GIVEN DATA
++++++
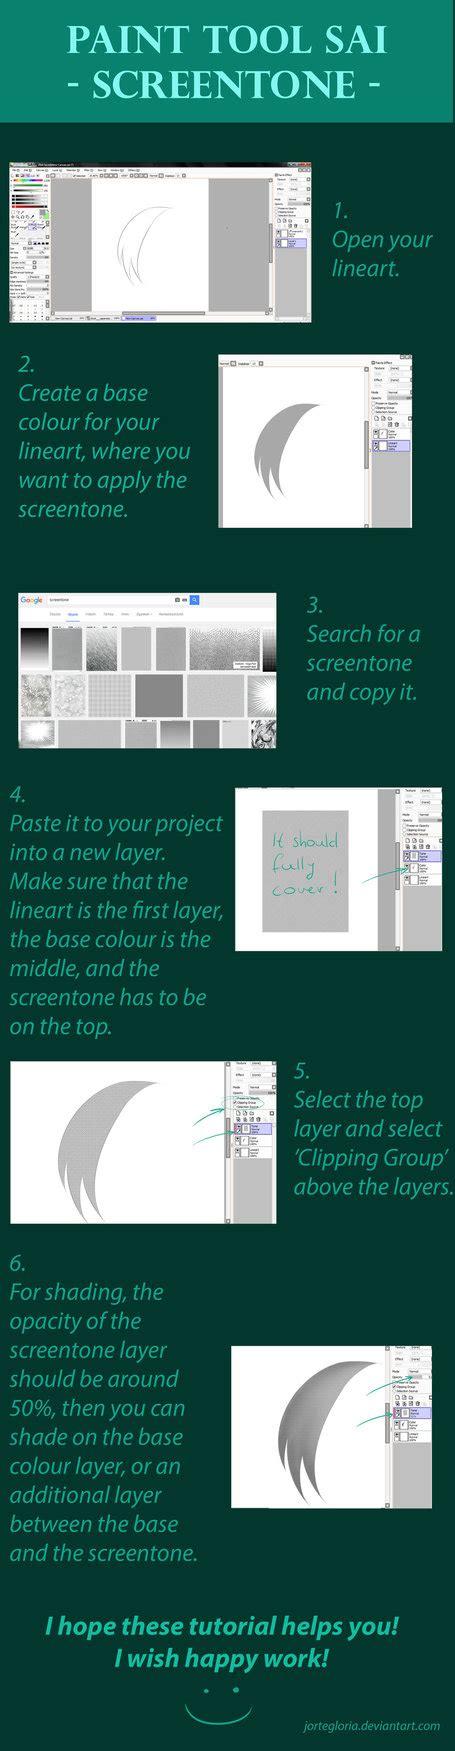 paint tool sai screentone paint tool sai screentone tutorial by jortegloria on
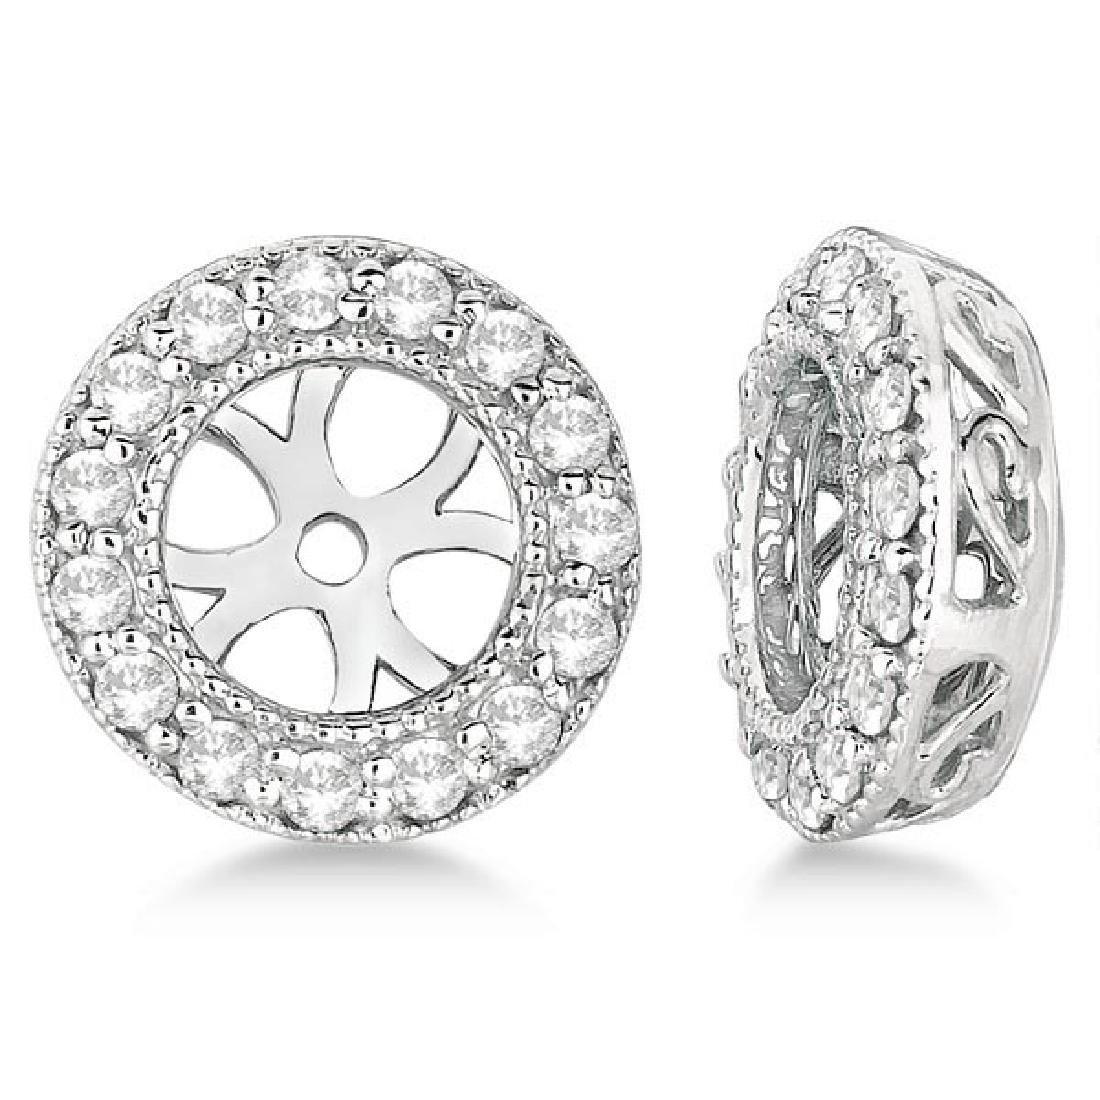 Vintage Round Cut Diamond Earring Jackets 14k White Gol
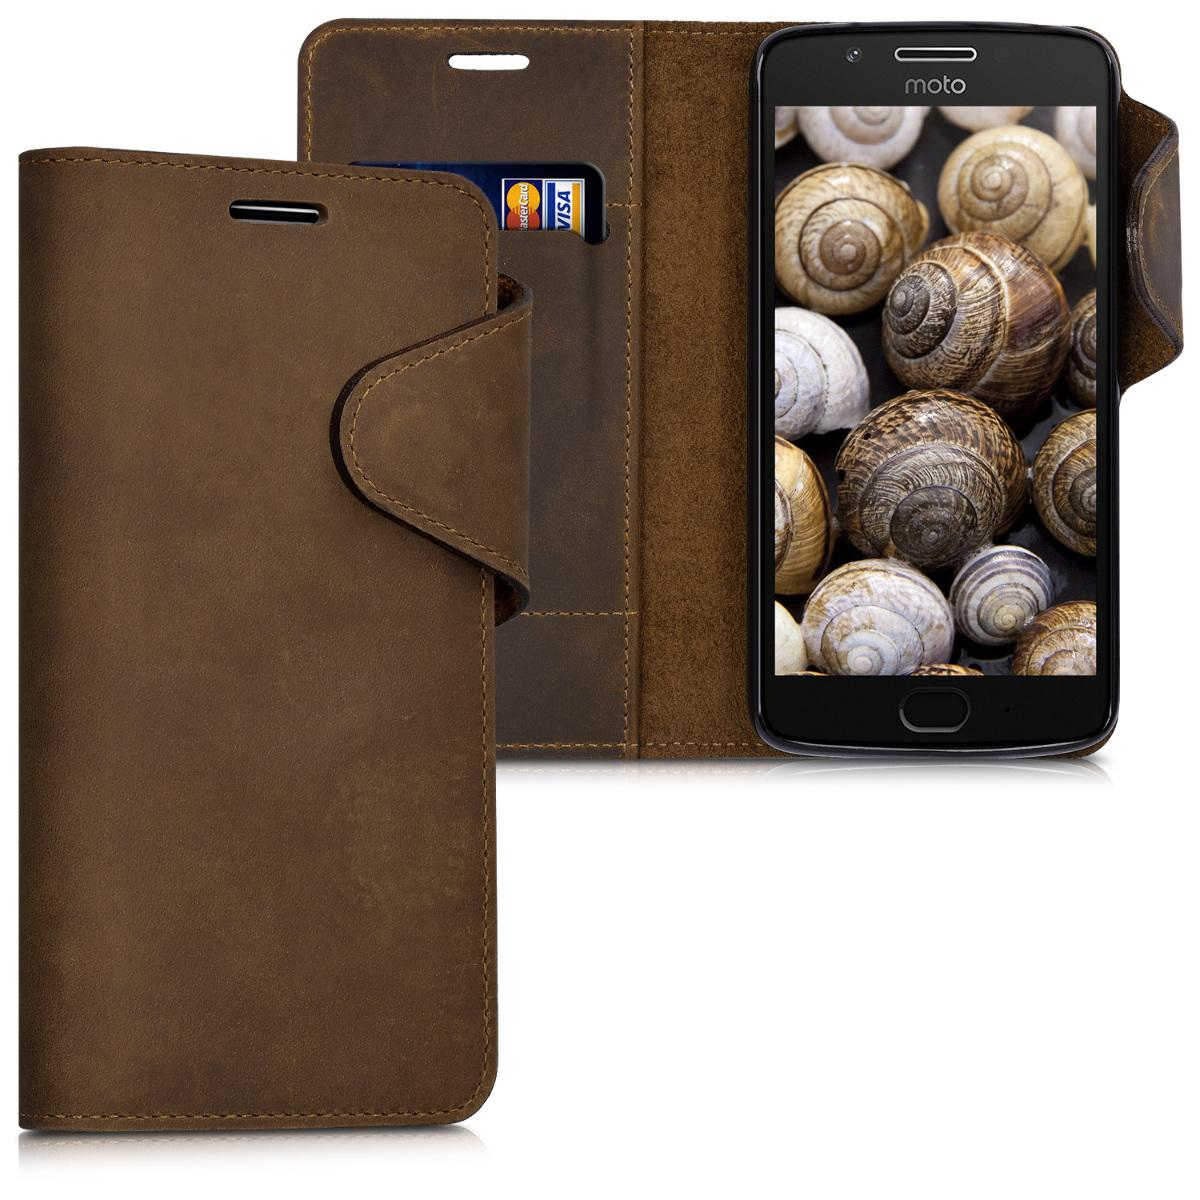 Kalibri Δερμάτινη Suede Θήκη - Πορτοφόλι Motorola Moto G5 - Καφέ(41078.05)
++++++
WHAT YOU WILL DO
Drop every image, please, and write out the data above exactly as shown.

FINAL ANSWER
 paint tool sai screentone paint tool sai screentone tutorial by jortegloria on
 Vintage Round Cut Diamond Earring Jackets 14k White Gol
 Kalibri Δερμάτινη Suede Θήκη - Πορτοφόλι Motorola Moto G5 - Καφέ(41078.05)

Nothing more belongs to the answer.